> **PROBLEM**
Beginning with the line that contains "Bakelite Wall or", repeat each line exactly through the end of the listing below. Pictures stay out.

> **DATASET EXTRACT**
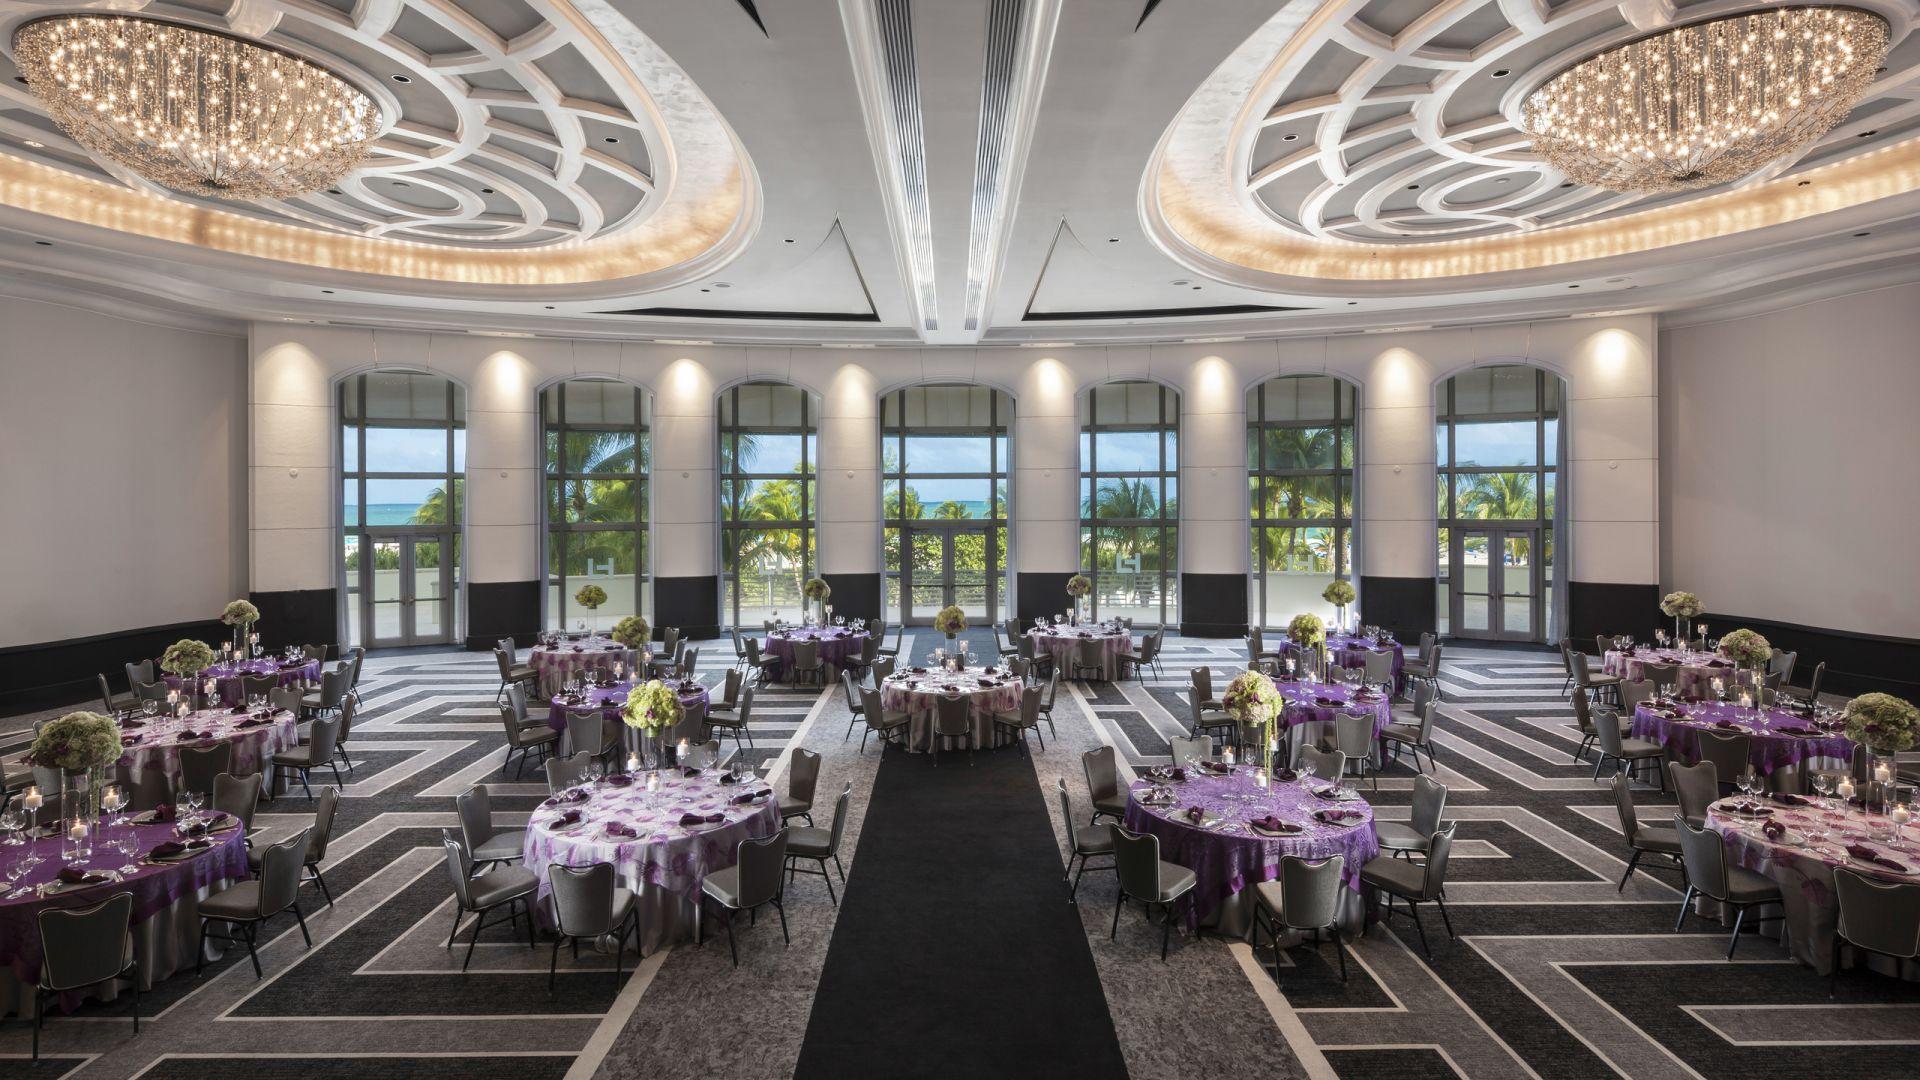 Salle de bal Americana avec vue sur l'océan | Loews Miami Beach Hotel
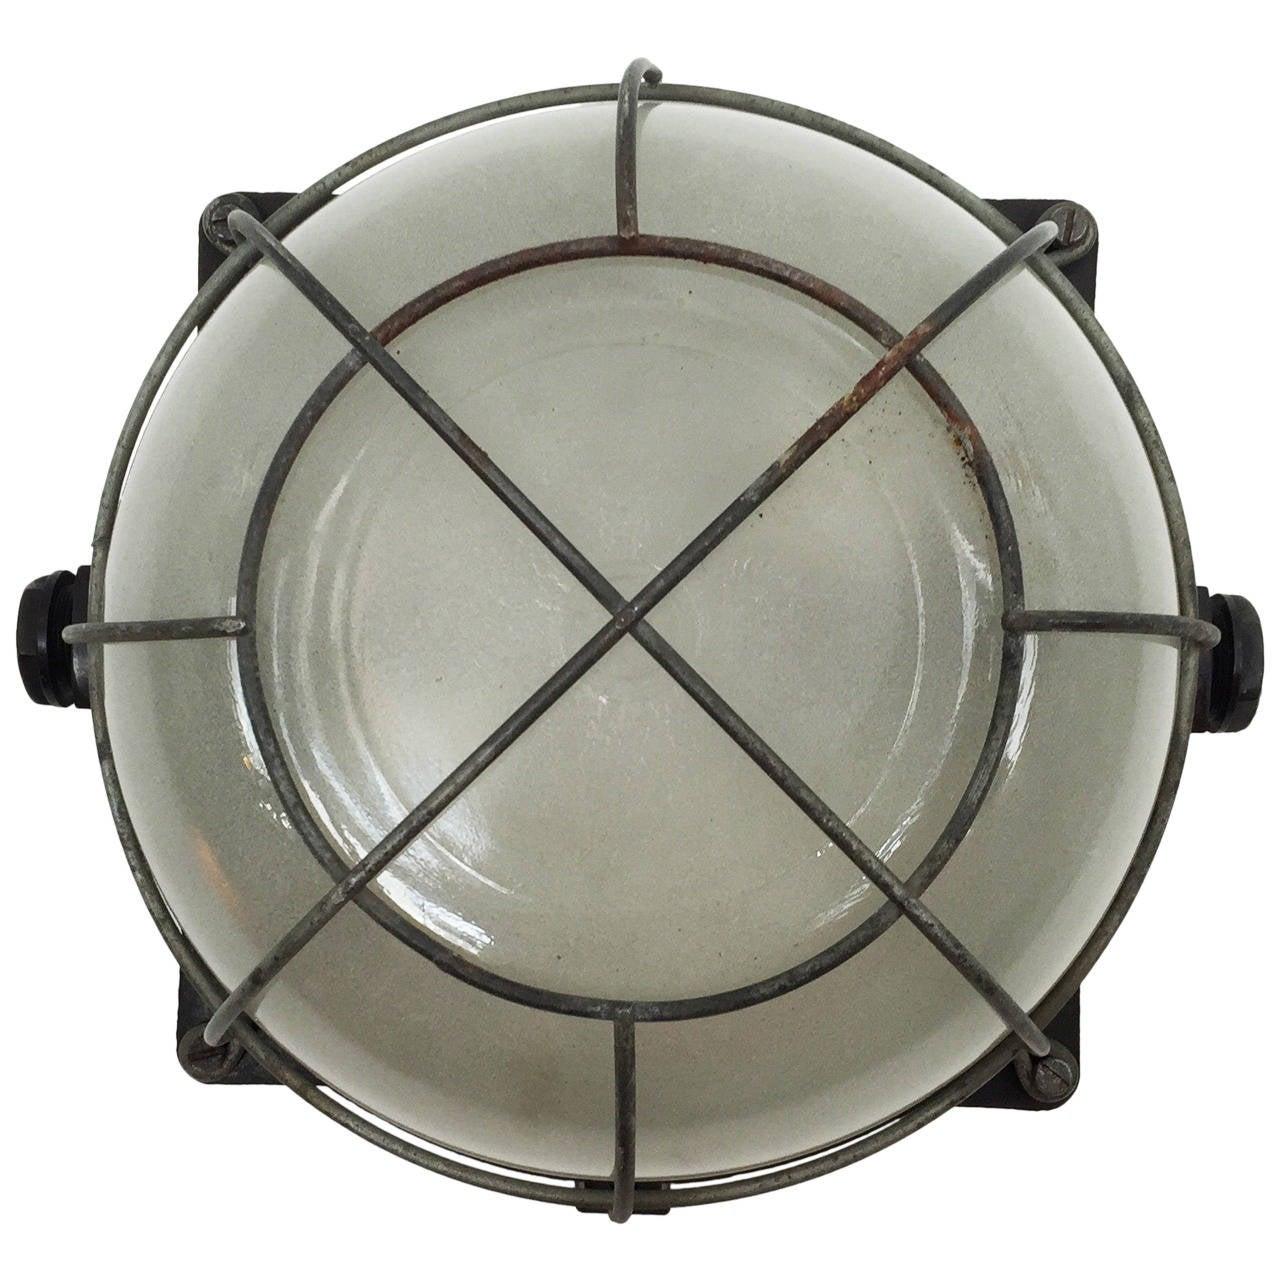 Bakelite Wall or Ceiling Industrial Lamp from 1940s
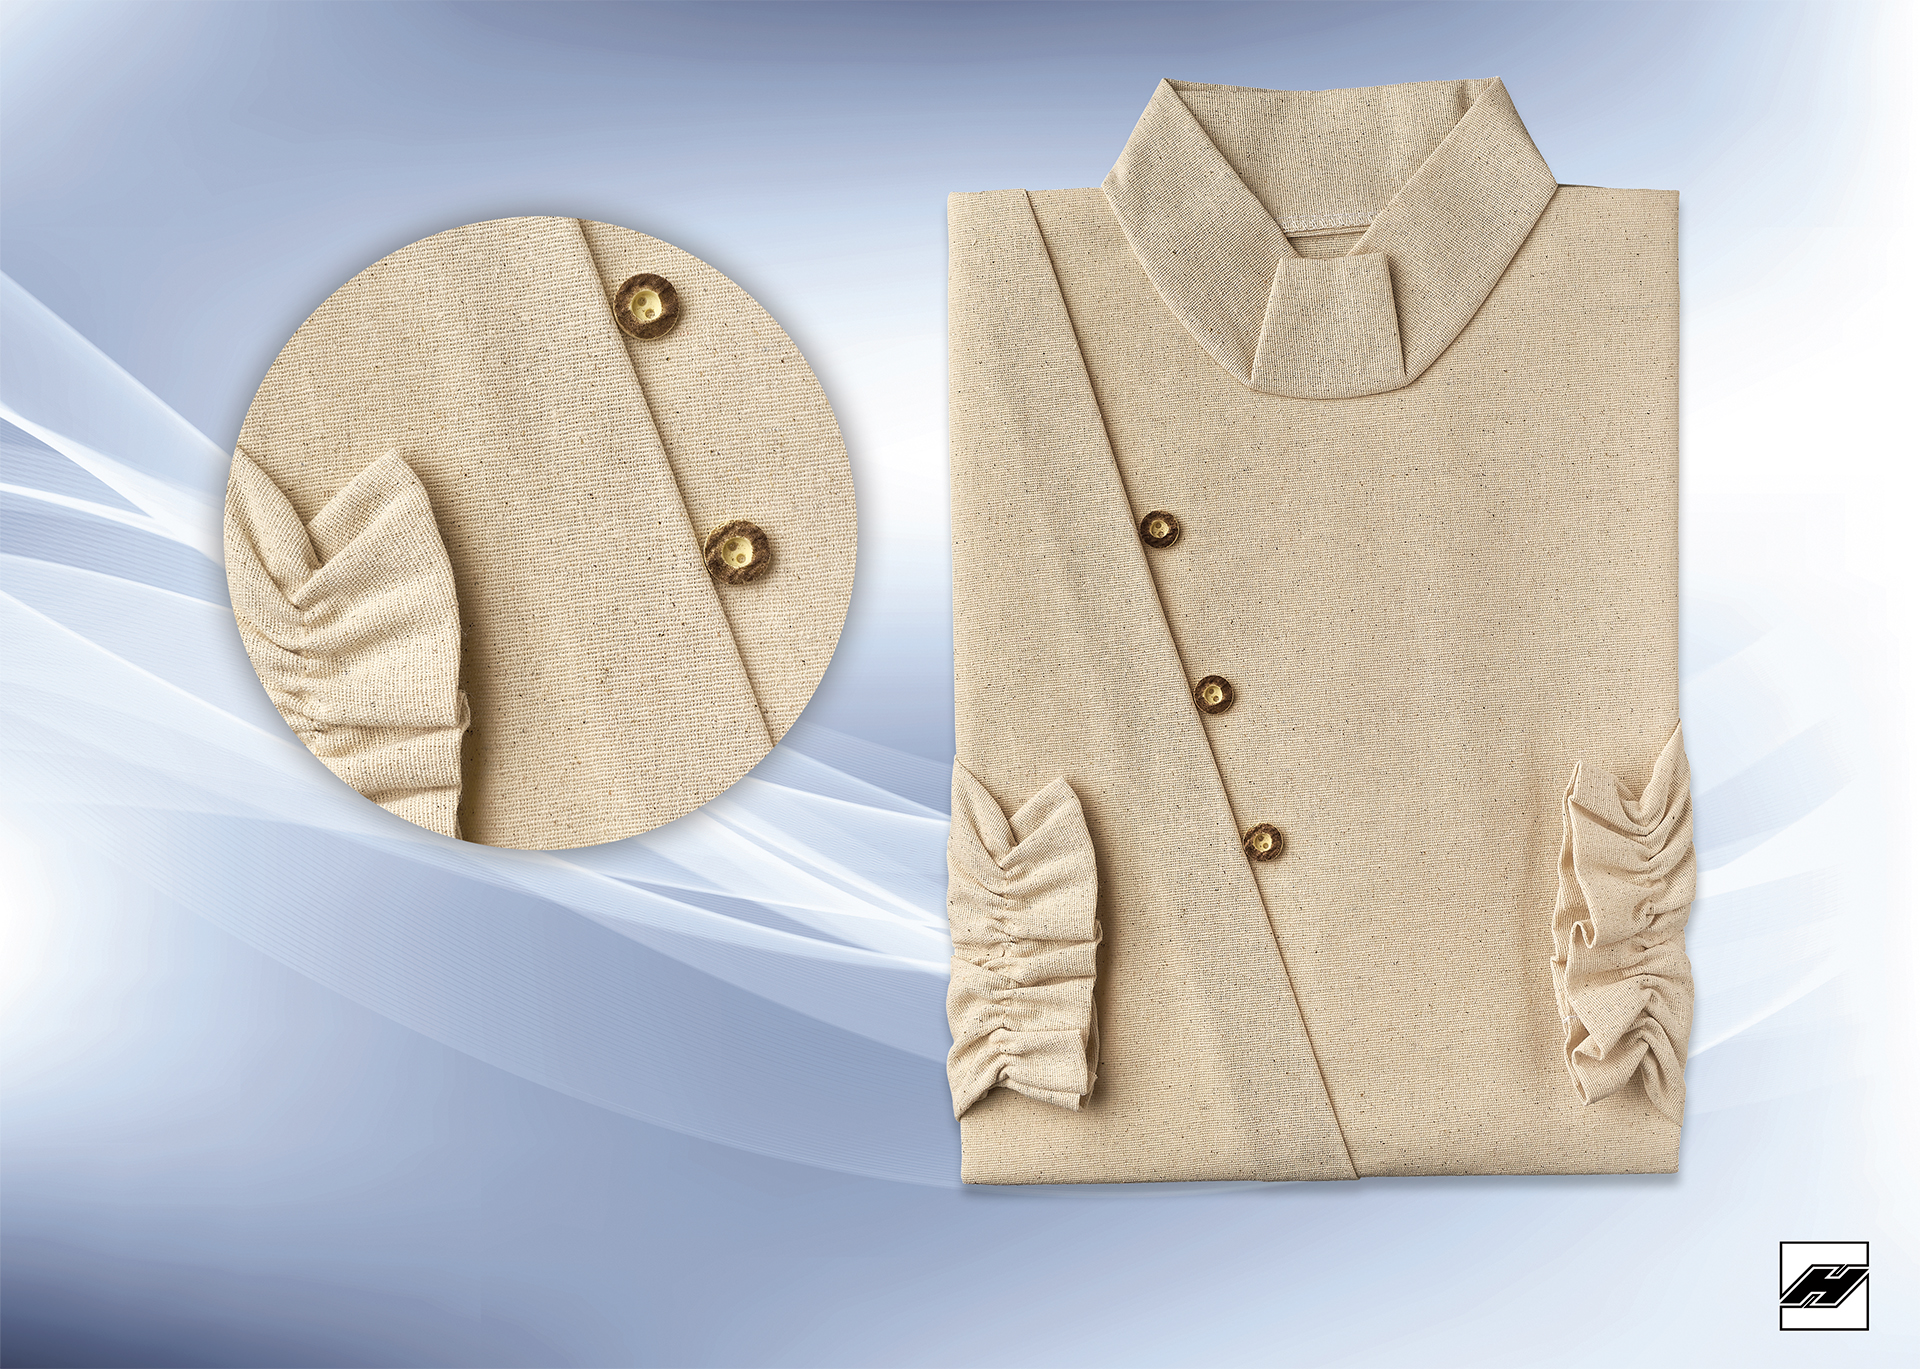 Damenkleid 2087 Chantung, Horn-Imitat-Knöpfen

> **RESPONSE TO THIS TASK**
 Bakelite Wall or Ceiling Industrial Lamp from 1940s
 Damenkleid 2087 Chantung, Horn-Imitat-Knöpfen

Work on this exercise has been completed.